Employees were told in an email this “would allow us to fly through even the worst of potential future scenarios”.
It said it would mean “no involuntary furloughs or cuts in pay rates or benefits for the next six months”.
Staff will also be offered “enhanced voluntary leave and early retirement options”.
Last year the company made a $2.9bn profit and returned $1.3bn to shareholders via dividends and buybacks, according to Bloomberg.
Under the massive $2.2tn coronavirus relief bill passed by the US Congress last week, $50bn was set aside for airlines with half given as grants.
The other half will be offered as loans in exchange for not furloughing employees until at least 30 September.
American Airlines, the world’s biggest by passenger numbers, said it hoped to be back to flying a full schedule by then.

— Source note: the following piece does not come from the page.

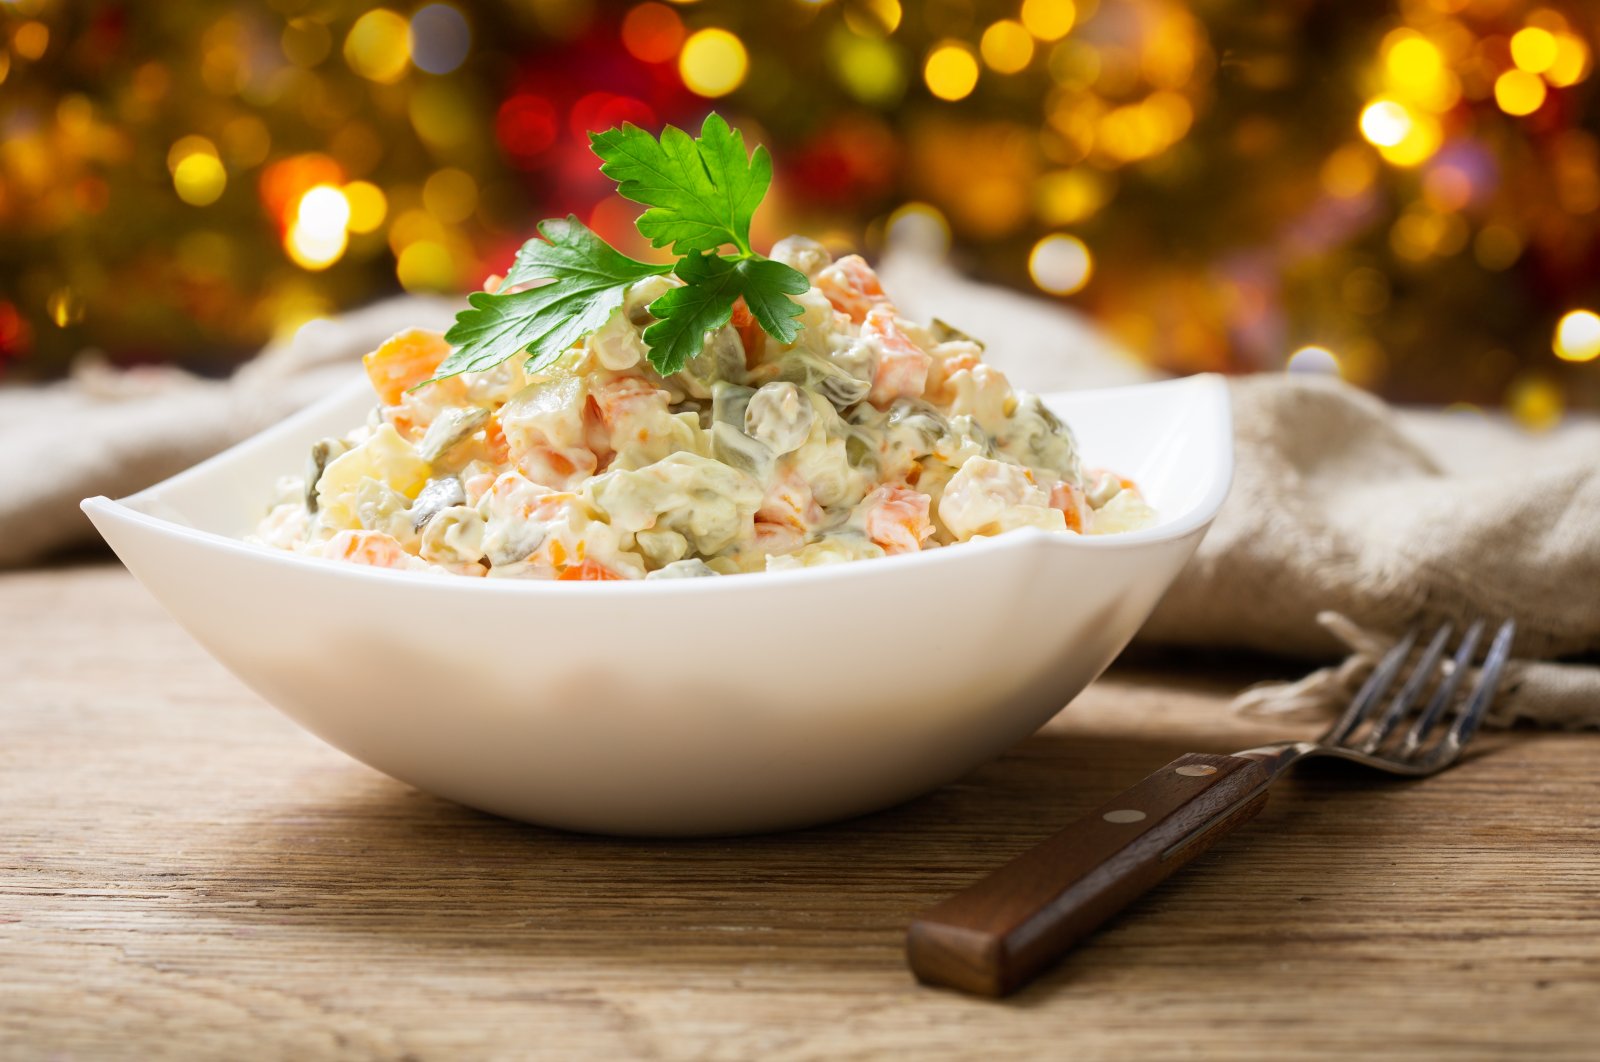 A bowl of russian salad is seen on a wooden table (Shutterstock)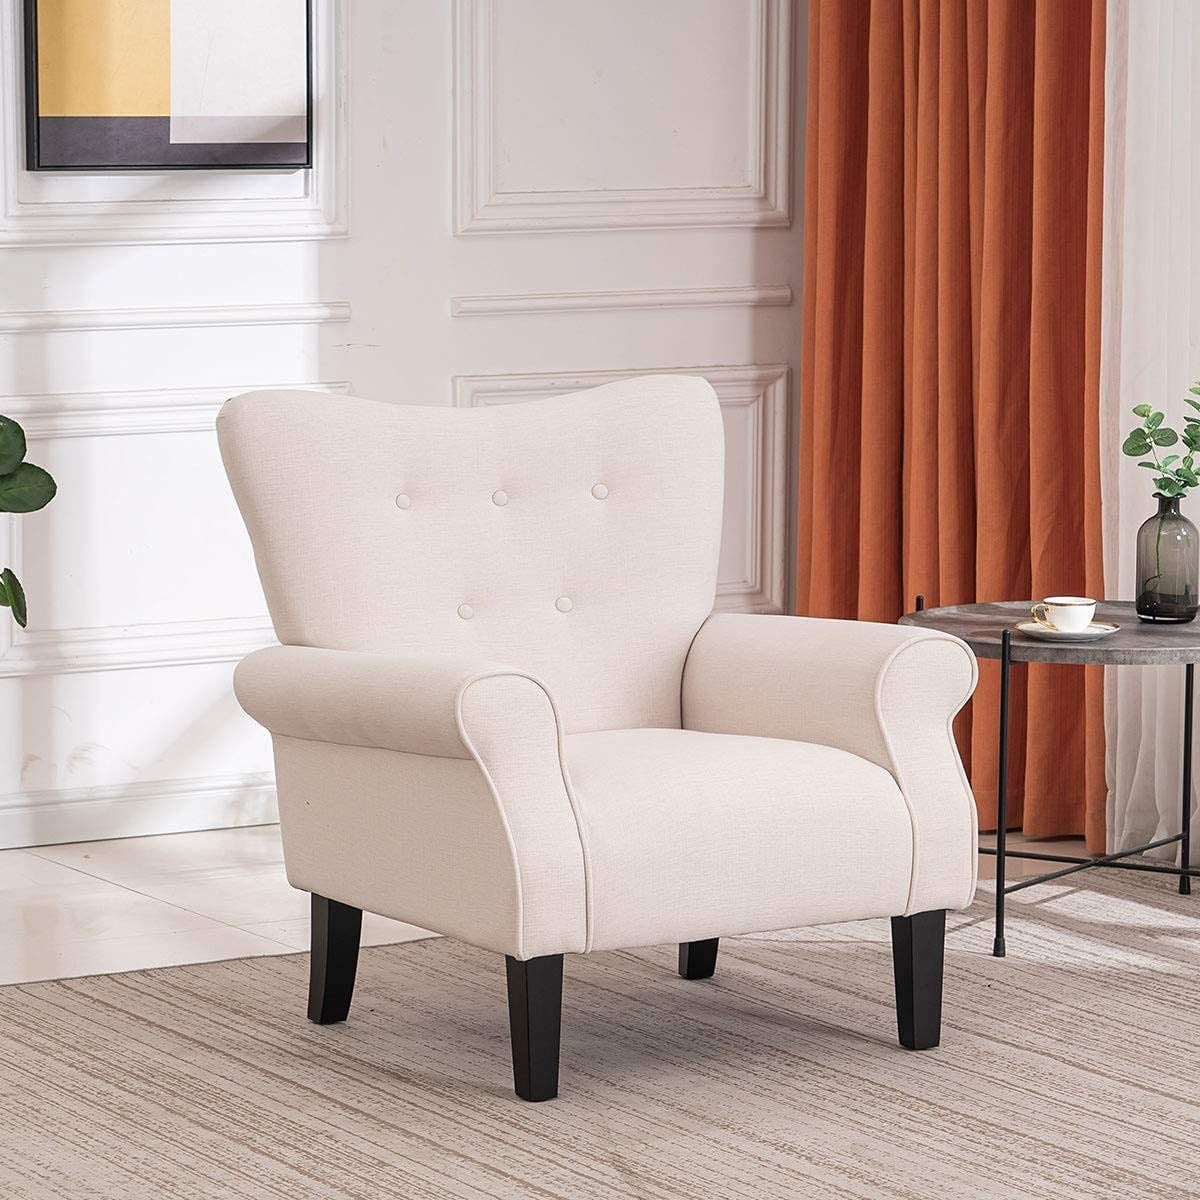 Erommy Wing back Arm Chair, Upholstered Fabric High Back Chair with ...

“These funds are being distributed to ensure continuation of essential airline service and protect jobs. We intend to apply for these funds and are confident that, along with our relatively high available cash position, they will allow us to fly through even the worst of potential future scenarios,” said the email to staff from chief executive Doug Parker and president Robert Isom.
Global airlines have struggled as countries worldwide have grounded the majority of passenger flights since February as part of efforts to halt the spread of the coronavirus.
Another US airline, Delta, has also offered voluntary leave of absence, and carriers outside the US such as Singapore Airlines have unveiled plans to raise funds by tapping share and debt markets with the backing of sovereign investment fund Temasek Holdings.